You want to be the best of the best, and you want to associate with these guys, and I think that community sense in the social media world is what attracts them. So with Twitter in this building, obviously service providers that work with them or horizontally integrated firms that work in that industry will want to be in the building, and already we’re seeing that interest.

In the basement space, you’ll have tenants that want to be either close to Room & Board, which also signed there or service providers [providing the] work/live/play environment that social media and tech companies have. 

Talk about your company strategy and its fund structure.

As a natural fallout from working in a fund structure, we don’t have a long-term hold like family offices would have. Our typical lifecycle is nine years from when we raise the funds to when we dispose of assets. We’re always mindful of that at the end of the day. We look at opportunities, and we are very flexible, while in the back of our minds always knowing that at one point in time we will have to exit the asset. So within that time frame—nine years—we need to be confident enough to turn around an asset to achieve the business plan 

Your bread and butter is renovating older properties. Why is that?  

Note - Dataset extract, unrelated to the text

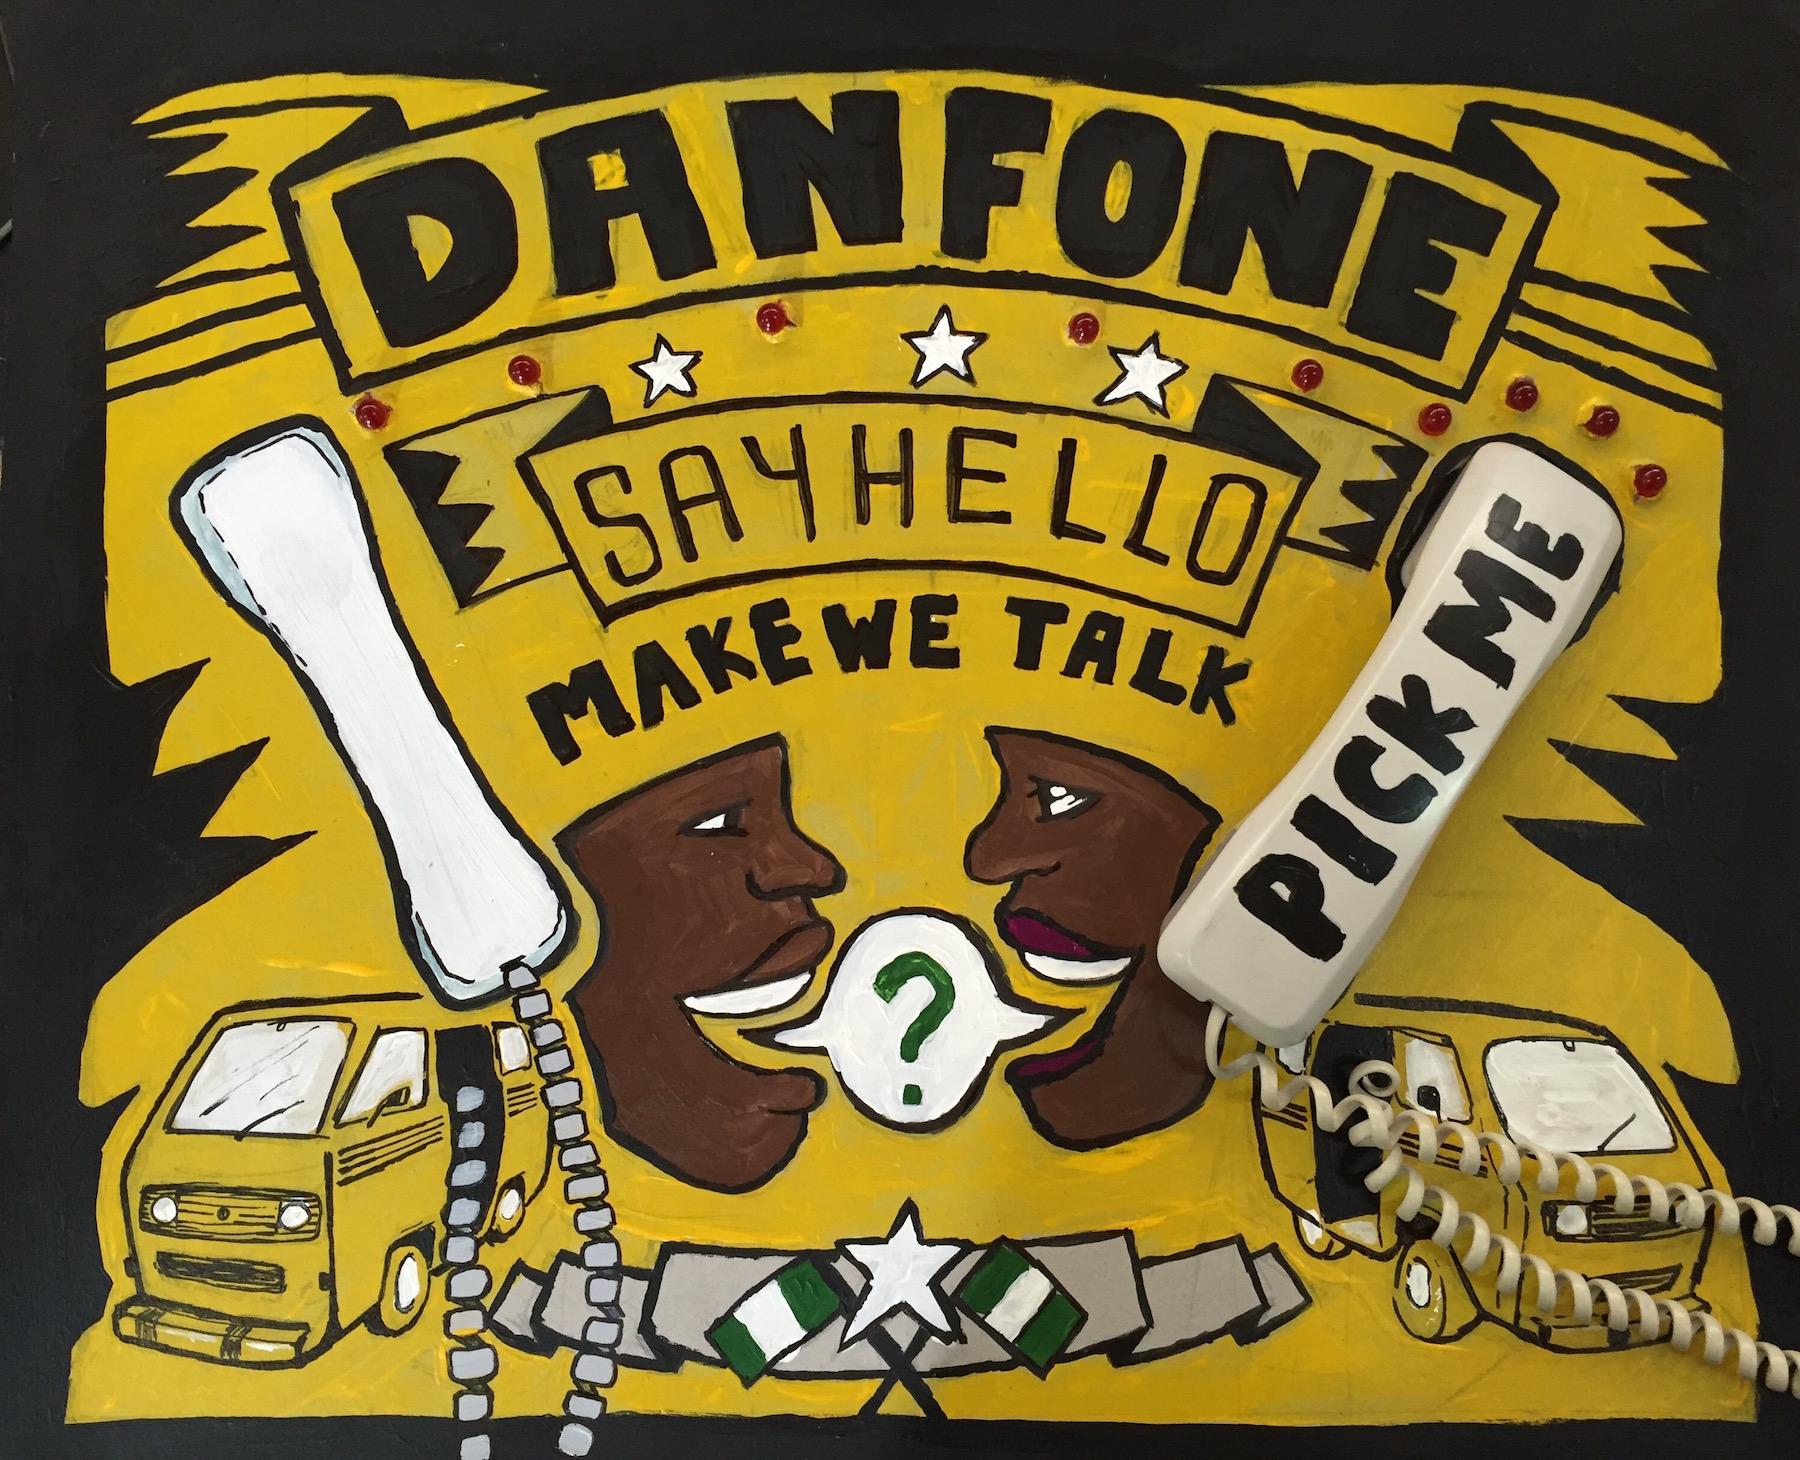 Danfone

We have 400 million square feet of office space in New York. When you look at the history of Manhattan and the inventory, on average, the age of these buildings is probably 70-plus years. So when you think of New York City’s reputation as one of the premier office and professional environments in the world, where foreign and domestic capital is continuously searching for opportunities, you understand that it attracts talent, investment and the best of the best. When you have 70-year-old inventory, you can’t just keep building new stuff; you have to use what’s existing. We see that as an opportunity, because we specialize in being able to turn around old assets and bring them to today’s Class A standards and reposition them to achieve the types of work environments that these tenants are looking for today and are willing to pay the rents for. 

You’ve signed a lot of tech tenants in Downtown Manhattan. Have you noticed a shift as tech tenants are priced out of Midtown South and move further south? 

Yes. The Midtown South tenants tend to be larger and in the bright lights—your Googles and your Twitters and your Facebooks. That’s the area they want to be, because there’s that sense of community. But then you also have service providers in the tech and social media industries that support these guys.  And on the other side of the continuum, you have steady-state tech companies that do tech infrastructure, financial and legal-type firms that require a Wall Street address and don’t need to be in Midtown South.  

They are being priced out of Midtown South, but there are also tenants that are choosing to be located in Downtown Manhattan, simply because the type of businesses they support are located downtown. We’ve done close to 10 deals in the last 15 months at 100 Wall Street just for tech tenants totaling 50,000 feet, which is nearly 10 percent of its space. These are steady-state tenants, some of whom are listed. They support the infrastructure for stock exchanges, for hedge funds, for legal funds, and they require a little bit more of a corporate-type presence.   

Have you benefited from the World Trade Center site development? 

We’ve benefited tremendously. It’s a tale of two cities [downtown], because east of Broadway, you have the older generation of buildings, smaller in plate, and they appeal to service providers that don’t require 50,000-square-foot plates. We specialize in that type of building. I saw a stat that over 80 percent of leasing activity in Manhattan is less than 20,000 square feet, and that’s the sweet spot that we play in: 100 Wall Street; 5 Hanover, which we sold; 2 Rector, which we exited; and other buildings we’re looking at downtown now. How has the Trade Center coming up helped us? Anyone who wants to be located near the Trade Center and be a service provider for firms like Group M, Condé Nast and the government, they don’t need huge plates, but they like the plates that we offer in a brand new prebuild, at rents that make sense. So we’ve seen an uptick in activity.